Producción artificial de seda de araña en cultivos celulares

Las especies más habituales para expresar proteínas recombinantes son bacterias --como Escherichia coli-- y levaduras --como Saccharomyces cerevisiae--.

Esta preferencia se debe a que su metabolismo es bien conocido, se cultivan con facilidad y crecen rápidamente.

Ventajas de la producción de seda mediante tecnología de DNA recombinante:

• Cantidad virtualmente ilimitada
• Condiciones que no atacan al medio ambiente: temperatura ambiente, presión atmosférica, disolventes acuosos (compárese con las condiciones necesrias para fabricar el Kevlar)

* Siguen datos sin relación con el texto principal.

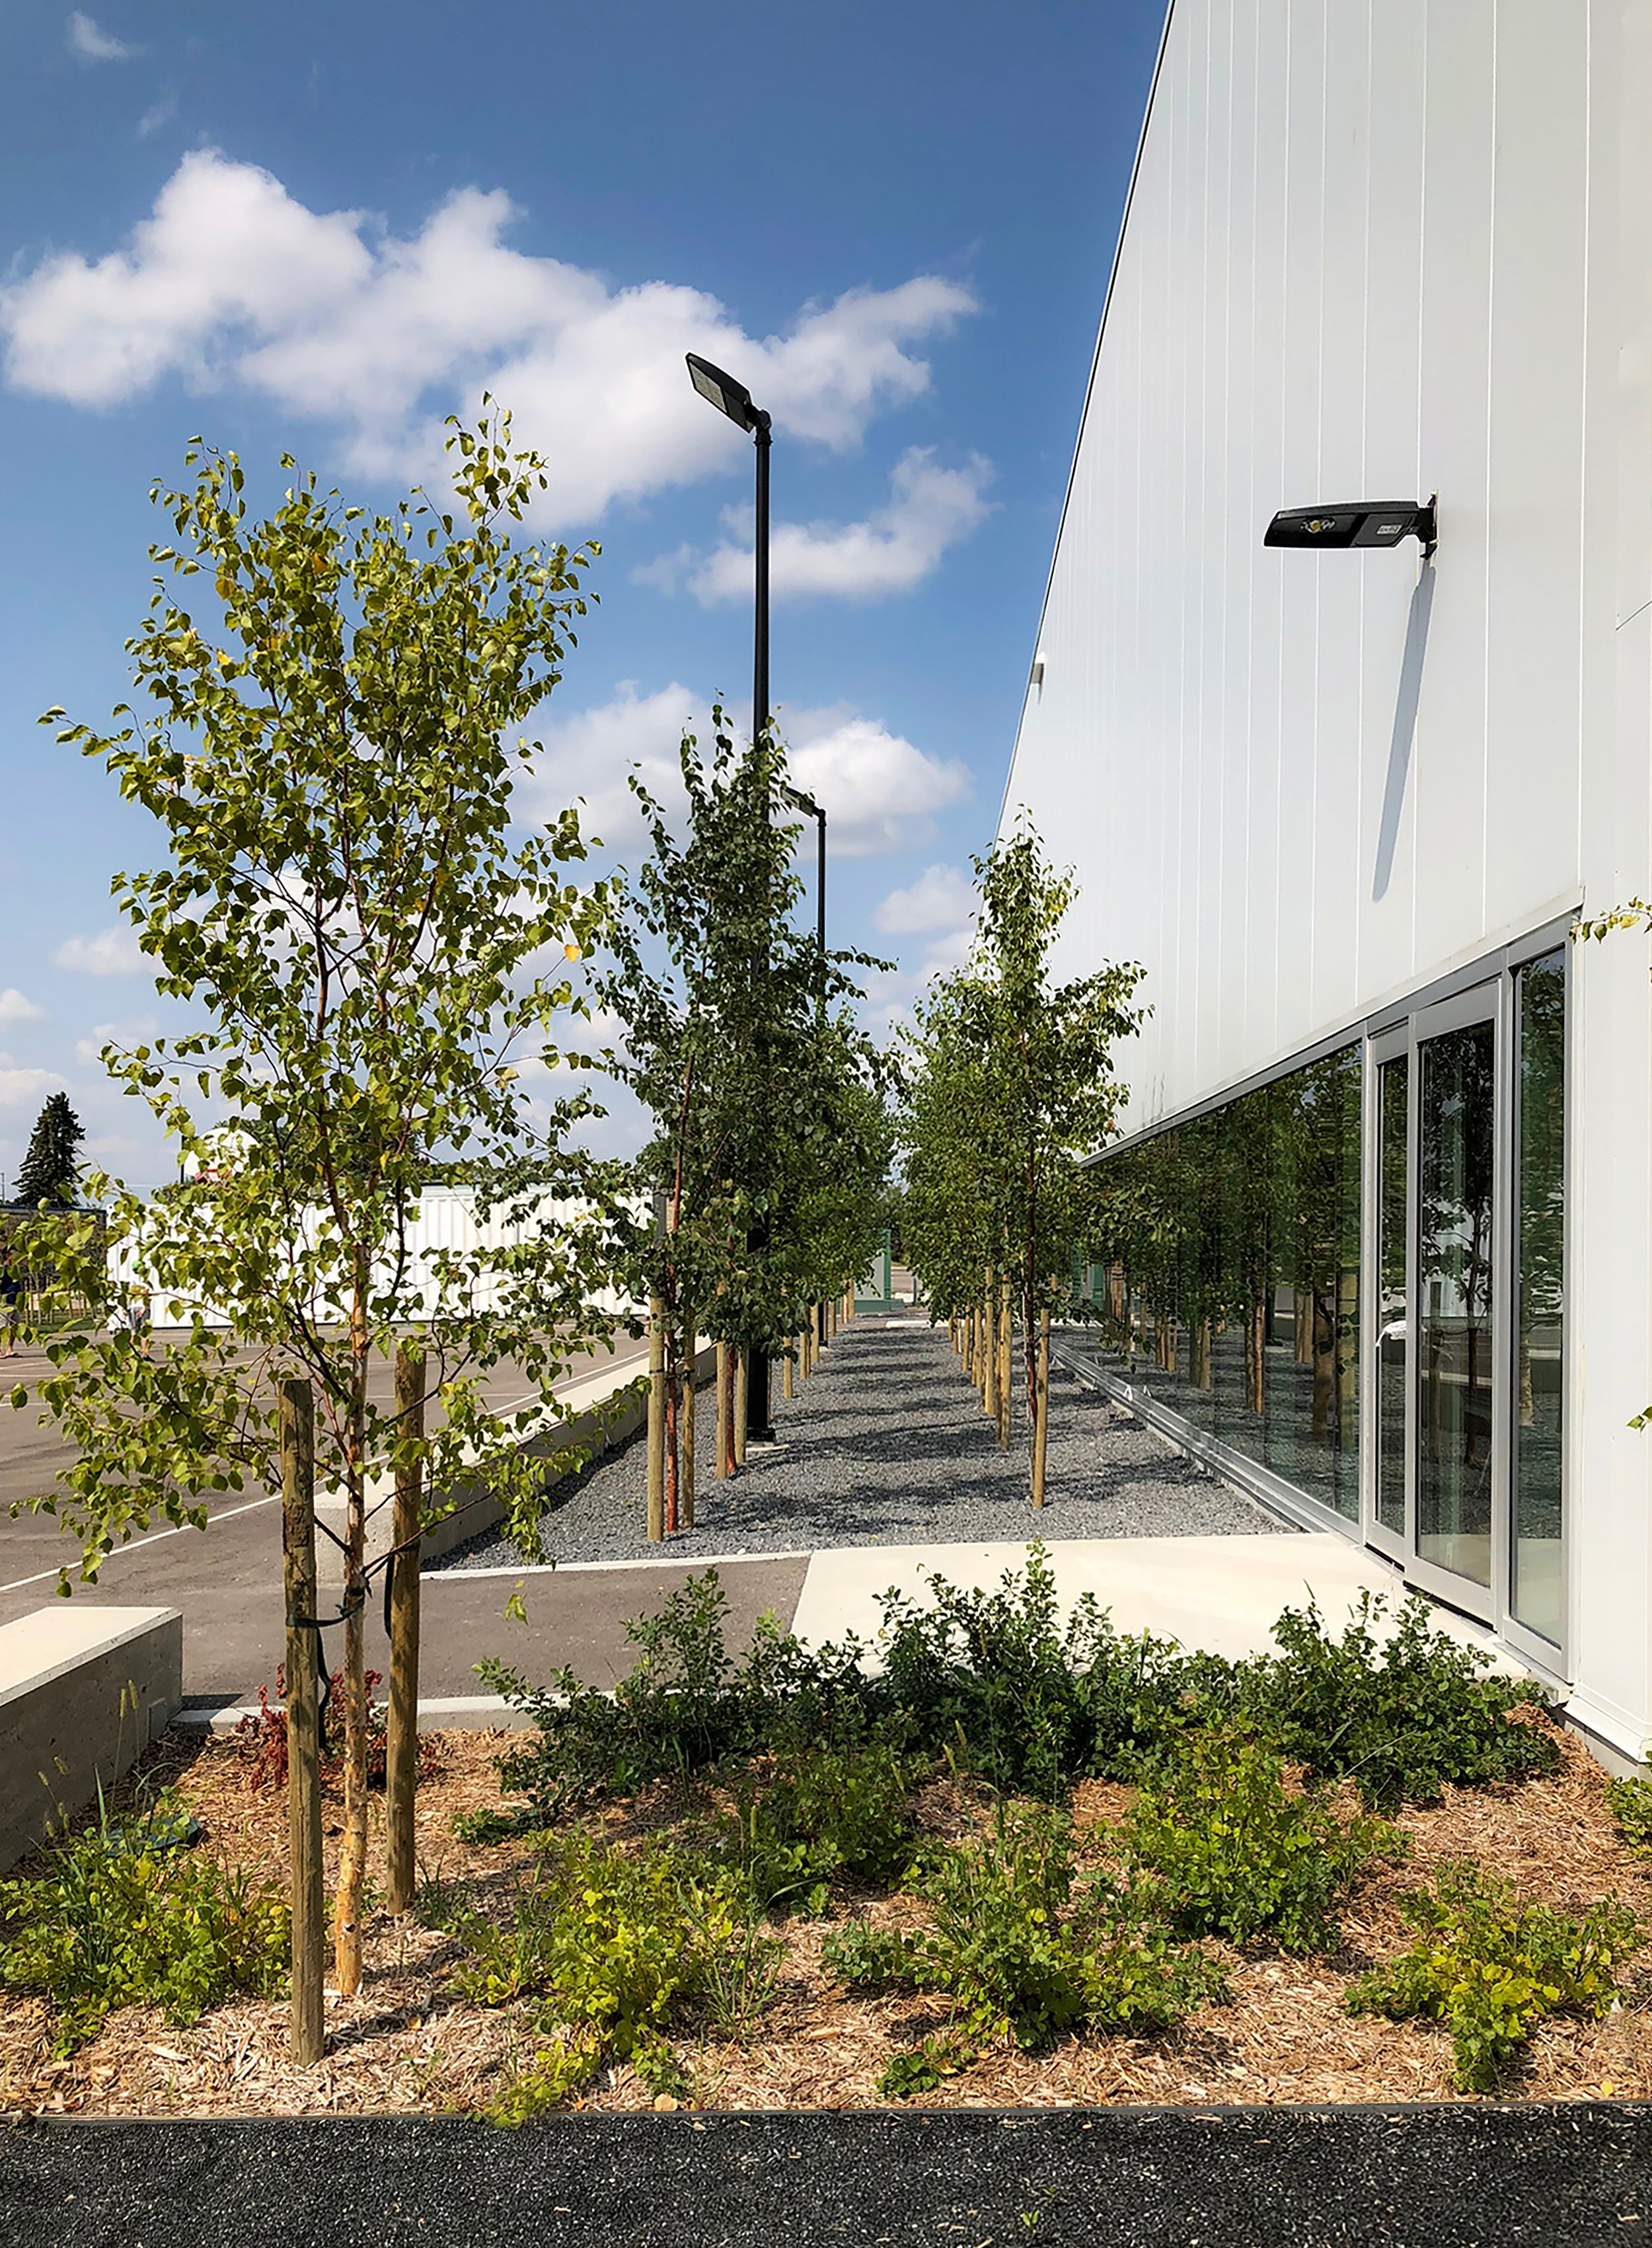 Southeast Collegiate _ Landscape Architecture _ Winnipeg _ Courtyard Design.jpg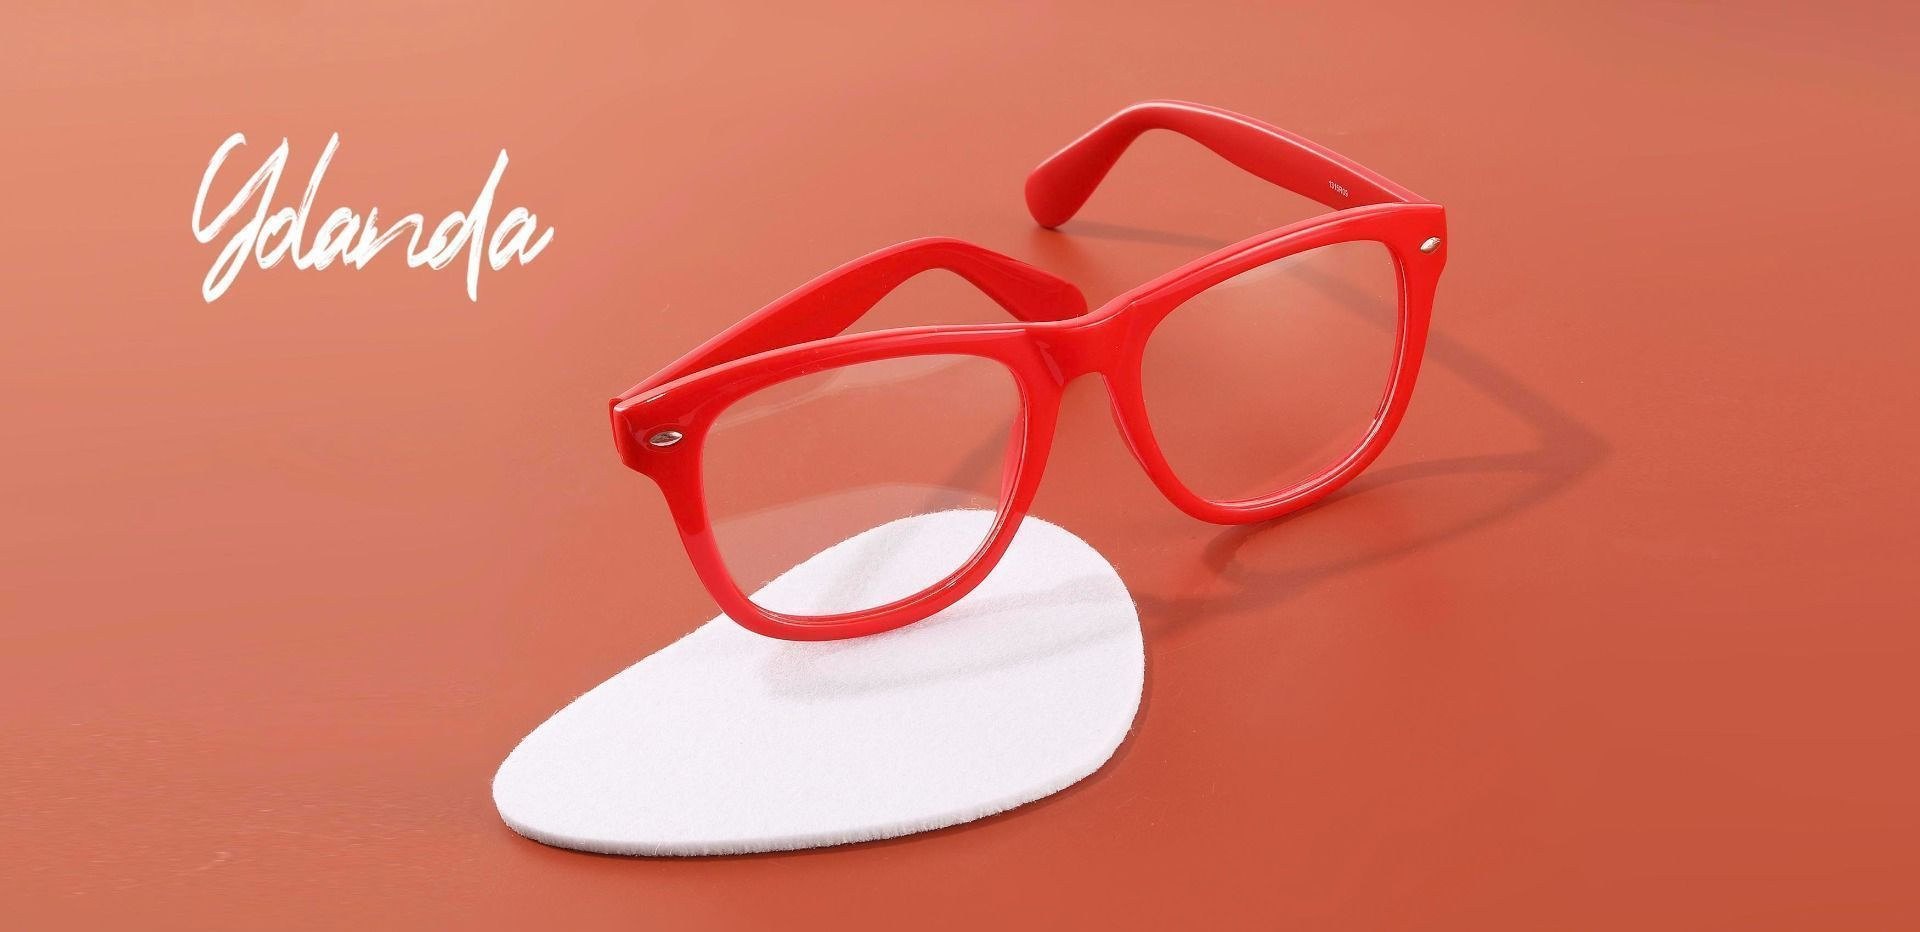 Yolanda Square Lined Bifocal Glasses - Red

Dificultades de la producción de seda mediante tecnología de DNA recombinante:

• La síntesis de espidroínas en bacterias y levaduras es difícil de conseguir; las secuencias repetitivas se truncan. La secuencia altamente repetitiva y la estructura secundaria inusual del mRNA hacen la traducción ineficaz, por lo que se interrumpe antes de completar la cadena polipeptídica. El tamaño de molécula que se consigue obtener es limitado.
• Otro problema es la disponibilidad limitada de moléculas de tRNA específicas para Gly y Ala; en las células de la glándula de la araña, hay cantidades extra de estos tRNAs, pero no ocurre así en las bacteria o levaduras empleadas como anfitrionas del gen de espidroína recombinante.
• Otro problema es mantener la proteína en forma soluble durante la purificación.

A pesar de las dificultades anteriores, se ha conseguido con cierto éxito sintetizar algunas espidroínas o fragmentos de ellas, lo que ha facilitado el estudio de su estructura.